Hello – I have a coffee addiction.
It’s not as bad as it used to be but still, I’m addicted.
At one point I was drinking up to almost two pots of coffee a day – MYSELF.
Now I have two cups a day, maybe four or five cups in one day on the weekend. To an outside observer, it looks like I drink way more than that. The ugly truth is that usually I have a half-empty cup in front of me, the other half filled with barely lukewarm coffee. I will reheat my coffee numerous times throughout the day, but rarely seem to get to the bottom of it in one sitting. Thinking that this was somehow out of the addiction tag, I was rudely reminded that no, I’m fully addicted, after going for a full morning and afternoon without it. Only after the headache and crankiness escalated to the point that even my cat told me off, did I admit that caffeine was the source of the problem and gave into it. Sure enough, I felt much better after a cup of coffee.
Why I love coffee so much:
It makes me feel warm and fuzzy inside.
It greets me each day with a warm mug and some sugar.
It has a lovely dark brown colour that makes me feel secure.
It lets me put sugar into it and then consume it.
It gives me something to sip on all day that is warm and yummy.
It’s great to have a cup after a nice big meal when you’re out for the evening.
It’s fairly cheap and easy to make.
It’s available almost everywhere.
It fits in “to go” mugs that fit in my truck’s cup holder.
Most places I’ve worked for had available for free to it’s employees.
People bring it to you in the winter for no reason other than it’s cold outside.
It’s nice to go for a cup with a friend and discuss nothing.
It listens to me when I’m sad and makes me feel better.
Coffee mugs can be really funky and sometimes come in baskets full of mugs, coffees and funky stir things.
Mike Patton apparently has the same addiction, so when we meet it will give us something to discuss before I chain him up my basement and force him to sing whatever I tell him to. (I also plan on keeping him alive with coffee.)
It talks me out of my rage for other humans and gets me to put down the weapon.
I can drink it with my left hand and still use my mouse with the right.
It helps me stain my teeth a horrible yellow colour so I can gross people out when I’m 70.
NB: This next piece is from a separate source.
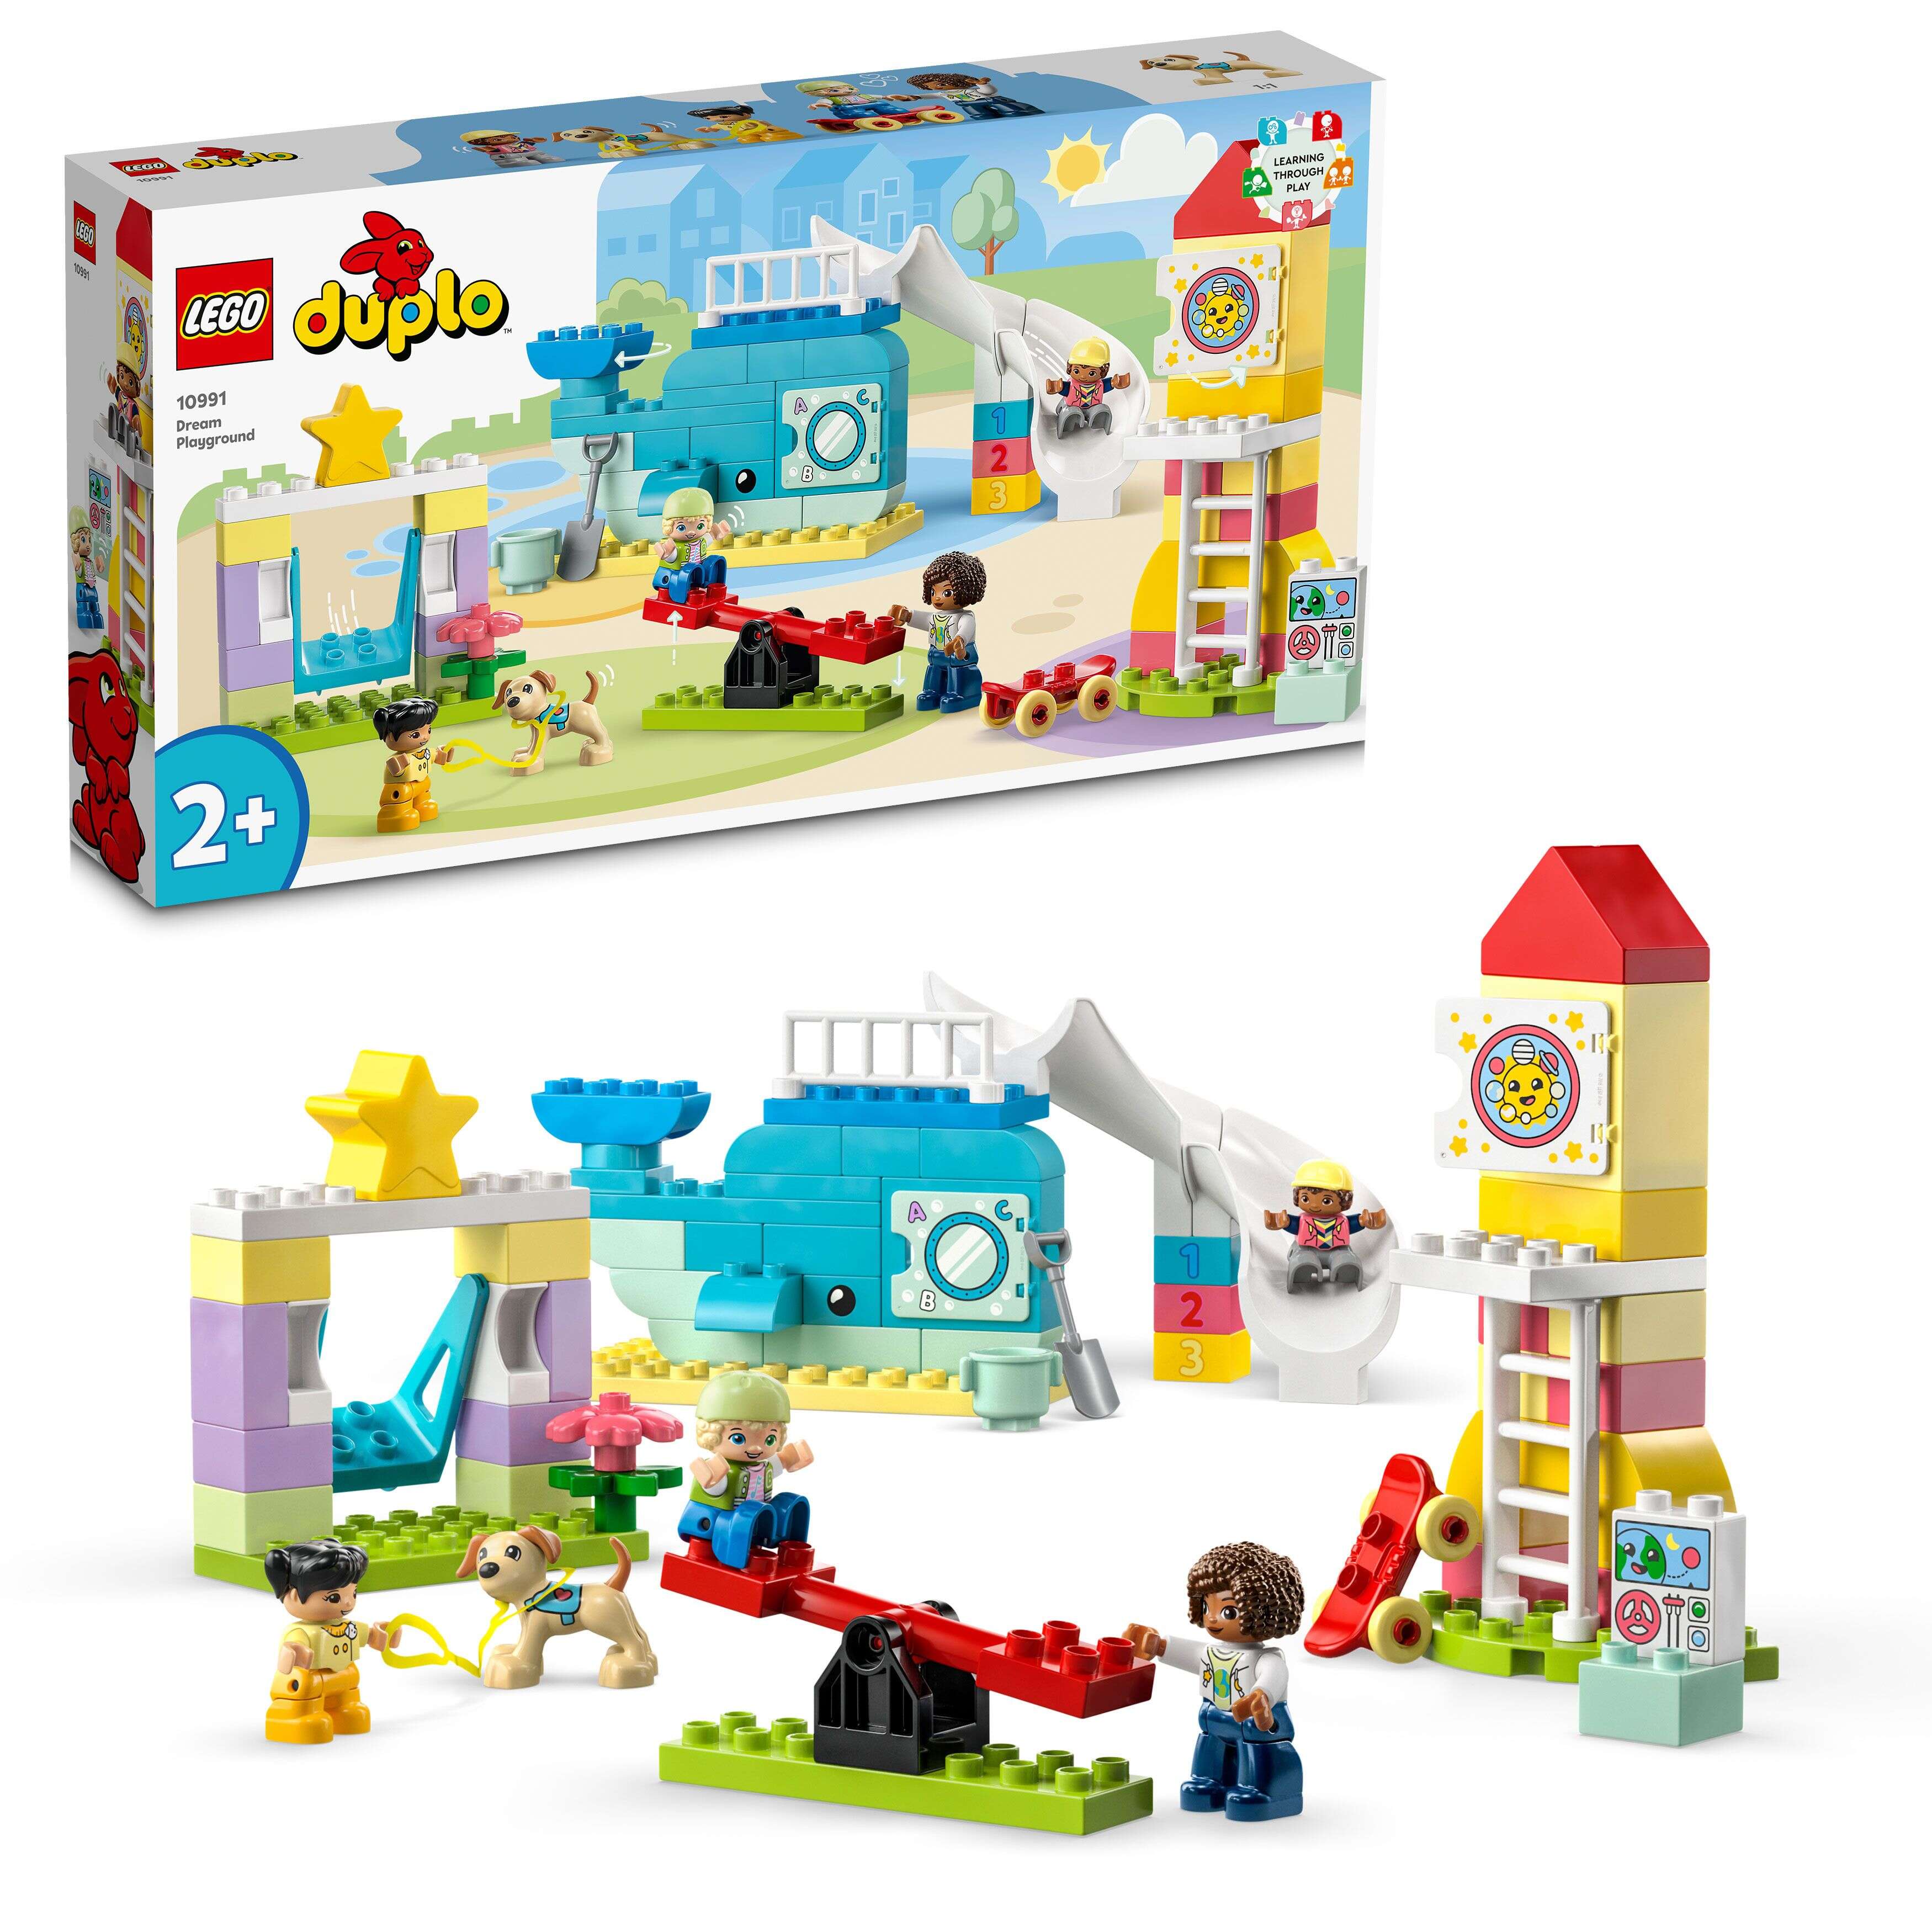 LEGO 10991 DUPLO Traumspielplatz, 5 Figuren, Karussel, Rutsche, Schaukel

It gives me something simple to be addicted to without the stigma of other additions.
It’s strong but silent.
It has CAFFEINE in it.
I was told recently that caffeine is a pain inhibitor, and that got me thinking about what else it does, seeing that I’m fully addicted to it and might want to know what it’s doing to me.
And here are some random bits of info about caffeine for those who are too lazy/busy to read the full Wikipedia article:
- Caffeine is a central nervous system and metabolic stimulant, and is used both recreationally and medically to reduce physical fatigue and restore mental alertness when unusual weakness or drowsiness occurs.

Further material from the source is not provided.